Rupture Process of the 1999 Mw 7.1 Duzce Earthquake from Joint Analysis of SPOT, GPS, InSAR, Strong-Motion, and Teleseismic Data: A Supershear Rupture with Variable Rupture Velocity

Abstract

We analyze the rupture process of the 1999 M_w 7.1 Duzce earthquake using seismological, remote sensing, and geodetic data. Ground deformation measured from the subpixel cross correlation of Satellite Pour l'Observation de la Terre (SPOT) images reveals a 55 km long fault trace and smooth surface-slip distribution peaking at 3.5–4 m. The westernmost segment overlaps for over 10 km with ruptures from the M_w 7.4 Izmit earthquake. The 15 km long easternmost segment, which cuts across mountainous topography, had not been reported previously. We determine a well-constrained source model using a four-segment fault geometry using constraints on surface fault slip and inverting Global Positioning System and Interferometric Synthetic Aperture Radar data along with strong-motion records.

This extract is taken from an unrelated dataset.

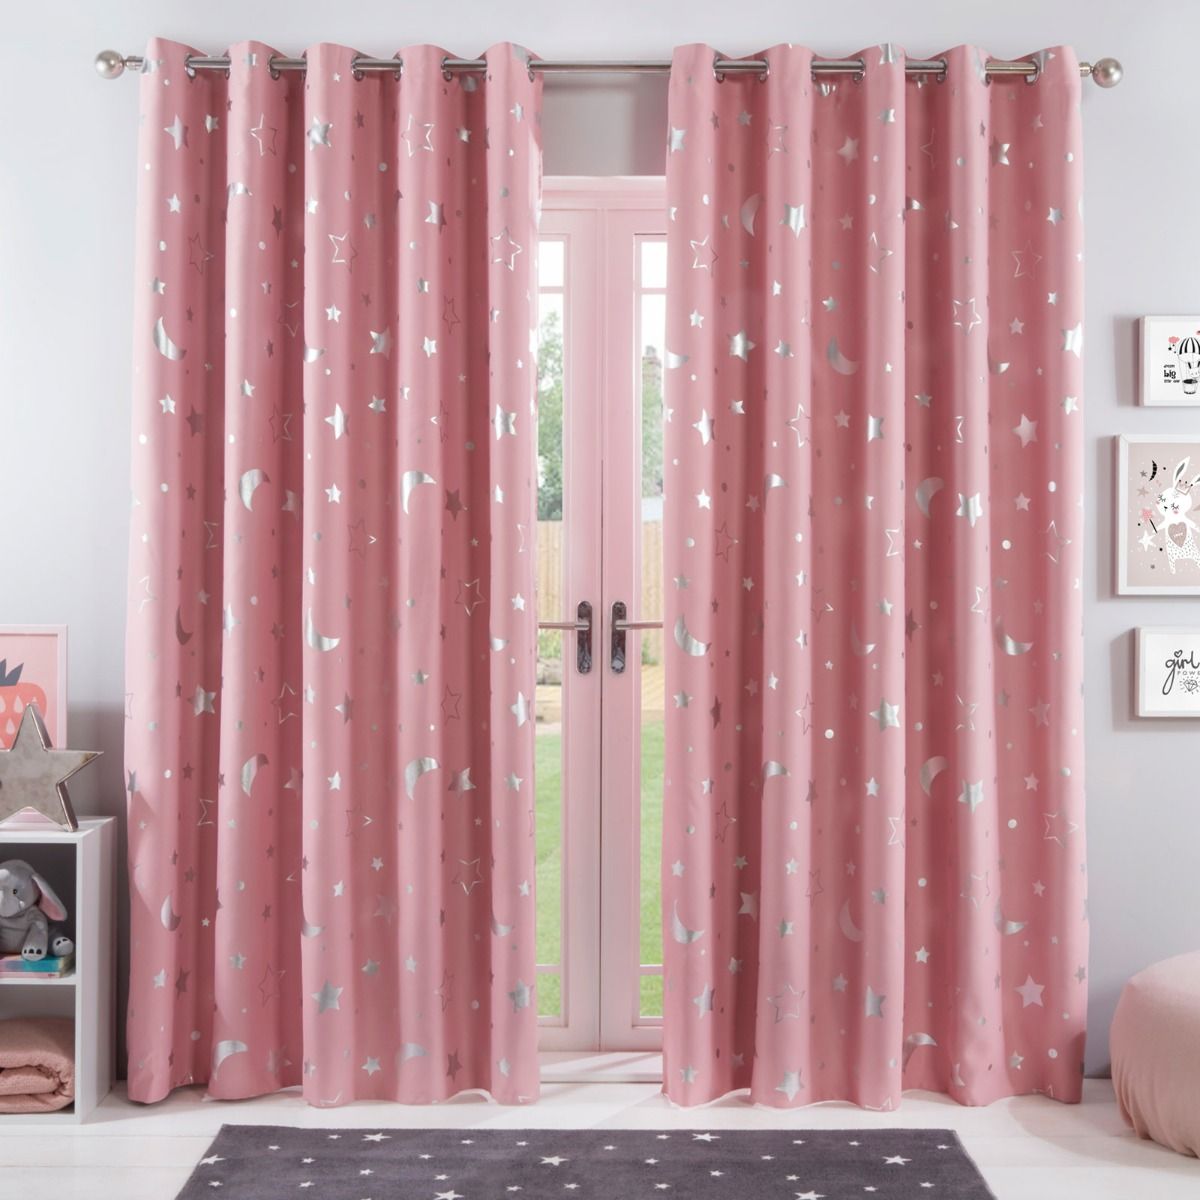 132 * 241cm, Black-2pcs Dream Art Anti Mite Super Soft Thermal Insulated Curtain/Drape for Nursery,Children Kids Bedroom Eyelet Blackout Curtains for Living room Energy Saving Noise Reducing

Our results show that some variability of the rupture velocity and an eastward supershear velocity are required to fit the strong-motion data. The rise time, up to 6 sec, correlates with cumulative slip, suggesting a sliding velocity of about 1 m/sec. The source model predicts teleseismic waveforms well, although early by 2 sec. This time shift is probably due to the weak beginning of the earthquake that is not observable at teleseismic distances. Strong-motion records are relatively well predicted from a source model derived from the teleseismic data using the fault geometry derived from the satellite images. This study demonstrates the benefit of using accurate fault geometries to determine finite-fault source models.